The effect of the GDNF factor on the activity of neural networks during hypoxic damage has been studied
Searching for ways to reduce losses from ischemic stroke, a major problem worldwide, is an extremely important task for many areas of public health and economy. So far, no effective and safe methods have been developed for treating ischemic brain damage.
One of the most promising approaches to the development of treatment methods is to use endogenous molecules (the molecules that are present in the body and perform the function of regulating various processes in the cells). Among such promising molecules are neurotrophic factors that regulate the development and survival of nerve cells, their "destiny", and can increase their resistance to adverse effects. One of the neurotrophic factors is the glial cell line-derived neurotrophic factor (GDNF).
The focus of the research of Lobachevsky University scientists was on how the GDNF affects the activity of neural networks during hypoxic damage. For many years, neurons were considered the main units of the nervous system. Today, neuroscience has come to the understanding that neural networks rather than separate cells should be regarded as the functioning units of the nervous system. It is the neural network that is the minimum link responsible for the processes of information processing, storage and reproduction. Therefore, to study the functional state of neural networks at the cellular and molecular level, primary cultures of hippocampal nerve cells were selected as the object of investigation.
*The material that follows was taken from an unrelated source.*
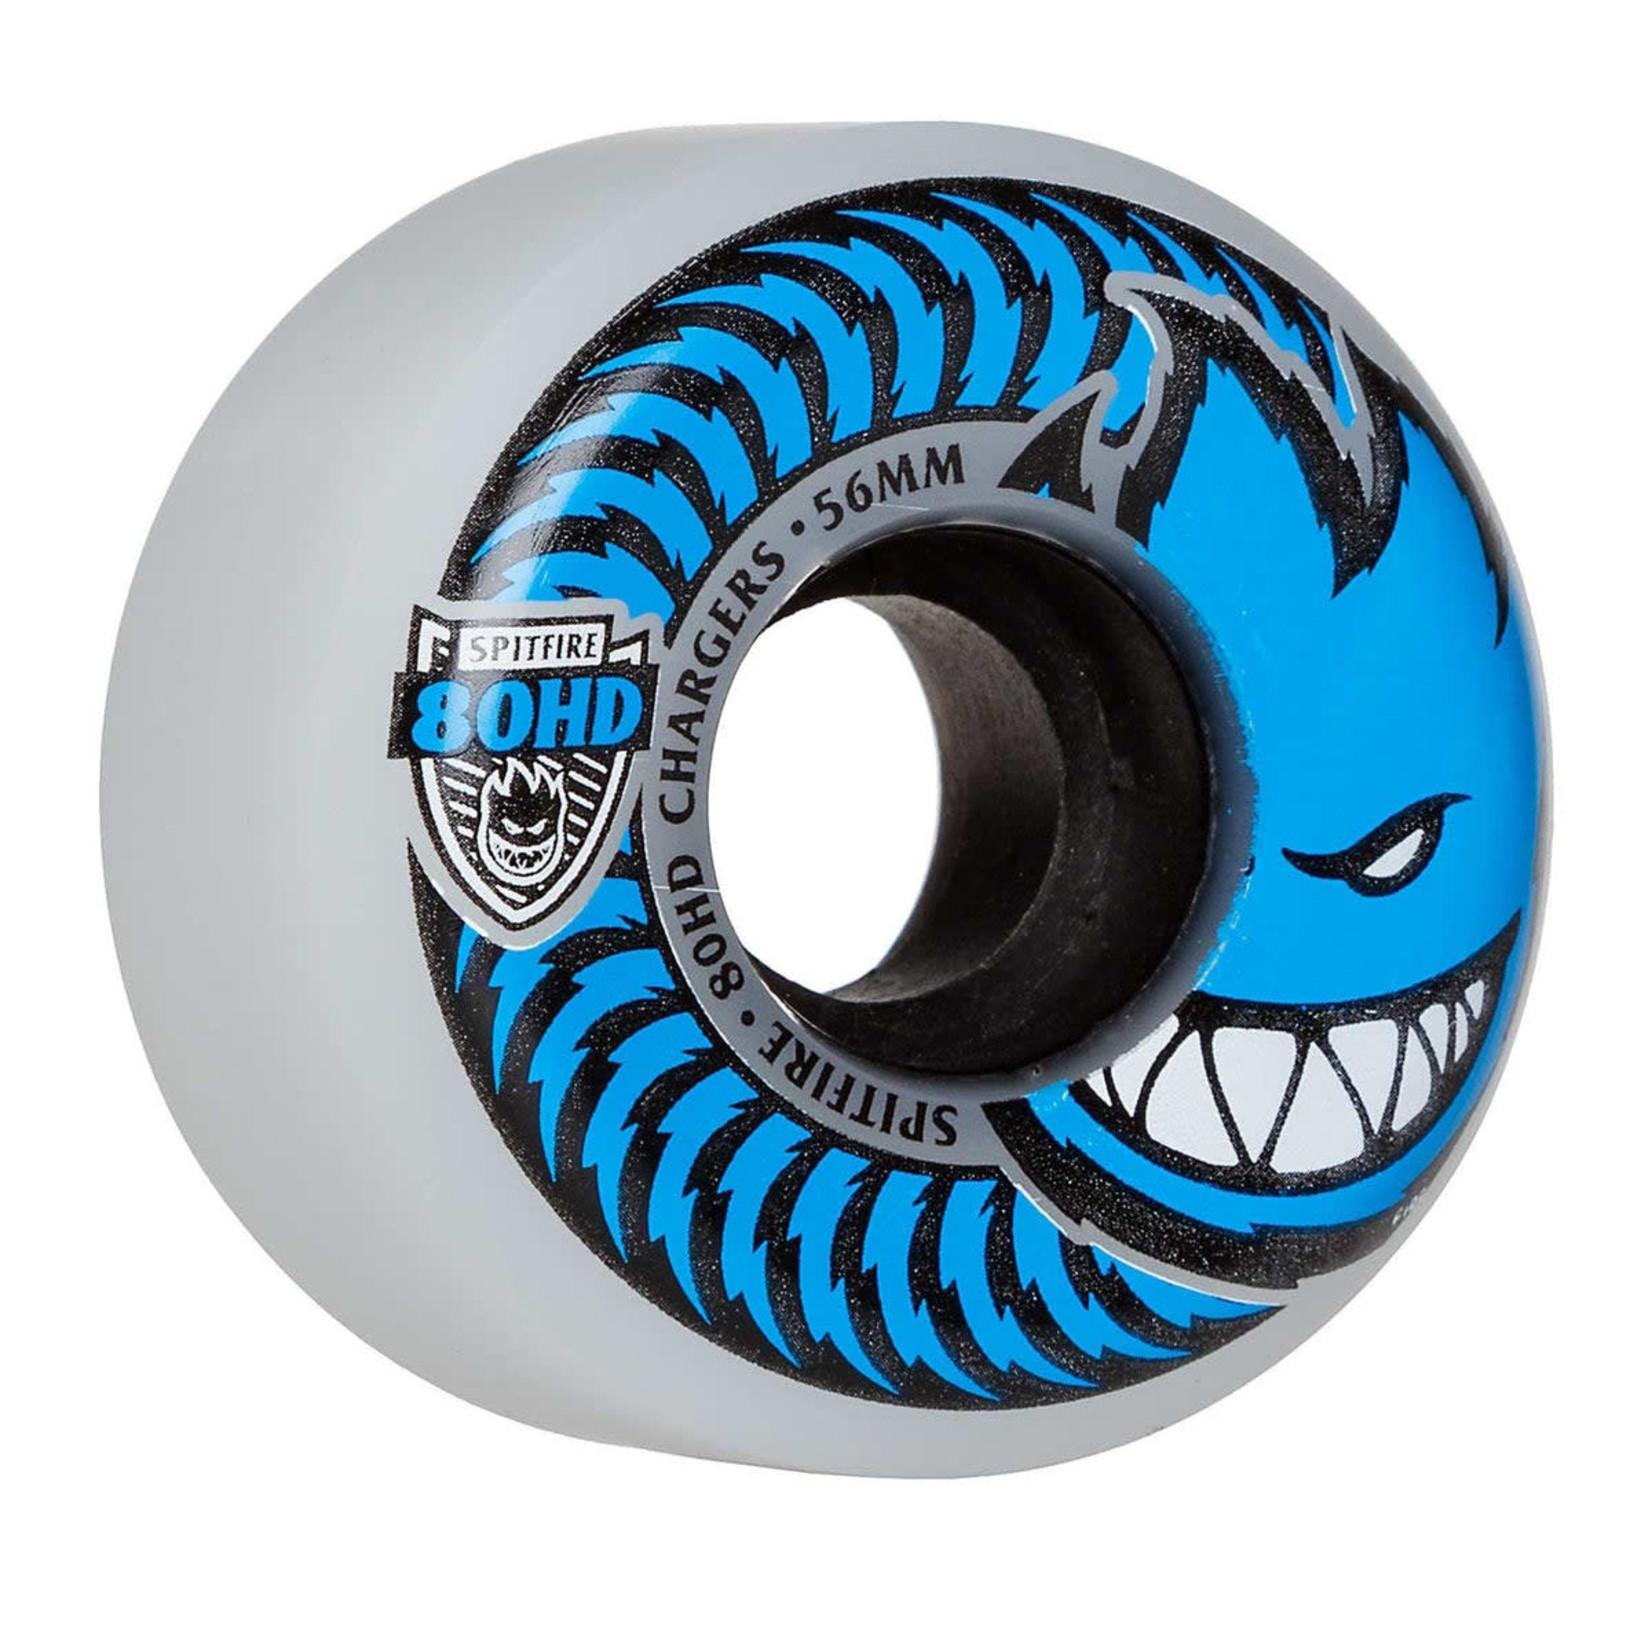 Spitfire Spitfire 80HD Conical Full Wheels 58mm

Hypoxia induction was performed using day 14 in vitro cultures derived from mouse embryos (E18) with the preventive addition of GDNF (1 ng/ml) to the culture medium 10 min before oxygen deprivation. An analysis of spontaneous bioelectrical activity that included defining the internal neural network structure, morphological studies, and viability tests was performed during the post-hypoxic period. This study revealed that GDNF does not influence spontaneous network activity during normoxia but protects cultures from cell death and maintains the network activity during hypoxia. GDNF created unique conditions that supported the viability of cells even in cases of cellular mitochondrial damage. GDNF partially negated the consequences of hypoxia by influencing synaptic plasticity. Intravital mRNA detection identified fewer GluR2 mRNA-positive cells, whereas GDNF preserved the number of these cells in the post-hypoxic period. Activation of the synthesis of GluR2 subunits of AMPA-receptors is one possible mechanism of the neuroprotective action of GDNF.
The results obtained by the researchers provide a basis for developing new approaches to correcting the negative consequences of ischemic brain injury.